Baca juga: Cahaya Emas Ranu Kumbolo di Semeru yang Tak Tergantikan
Pada pengamatan pertama kami, Ranu Regulo yang berada di ujung lorong-lorong cemara, tampak mistis. Udara terasa berkali lipat lebih dingin dan angin lebih banyak berembus. Sementara itu, suara serangga hutan nyaring terdengar, memecah sunyi. Beberapa kali, sayup-sayup terdengar suara benda jatuh di air, menimbulkan bunyi plung-plung!
Mendekat ke tepi danau, ada sebuah gazebo kayu. Tampak seorang nenek berusia 60-an tahun duduk-duduk di sana. Kain berlipat-lipat terlihat membungkus badannya. Ia seperti orang kedinginan lantaran selalu menggosok-gosokkan kedua telapak tangan.

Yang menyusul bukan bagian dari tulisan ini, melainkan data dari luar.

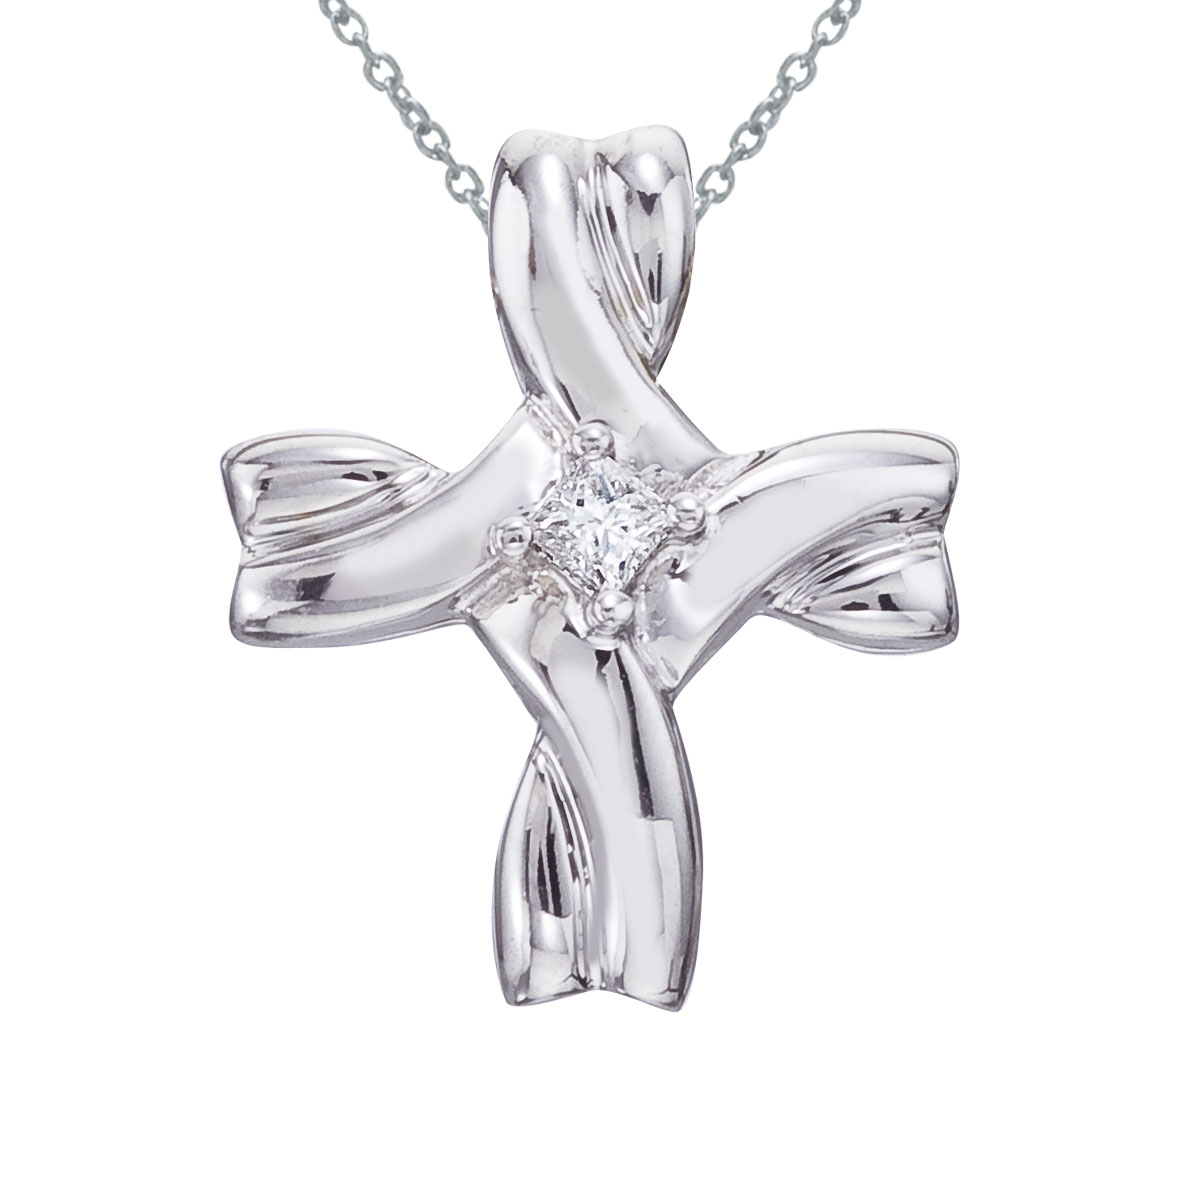 This 14k white gold diamond cross features a unique swirl design and .08 ct sparkling diamonds.

Si nenek membuat api kecil dari reranting pohon di depan gazebo. Ketika Tempo melintas, ia tak acuh. Suara riuh rombongan yang datang tak membuat ia menengok sedikit pun. Tatapannya selalu ke bawah dengan badan merunduk. Si nenek tampak sedang mencari sesuatu yang tak kunjung ketemu. Kadang-kadang, ia tertawa dan berbicara sendiri.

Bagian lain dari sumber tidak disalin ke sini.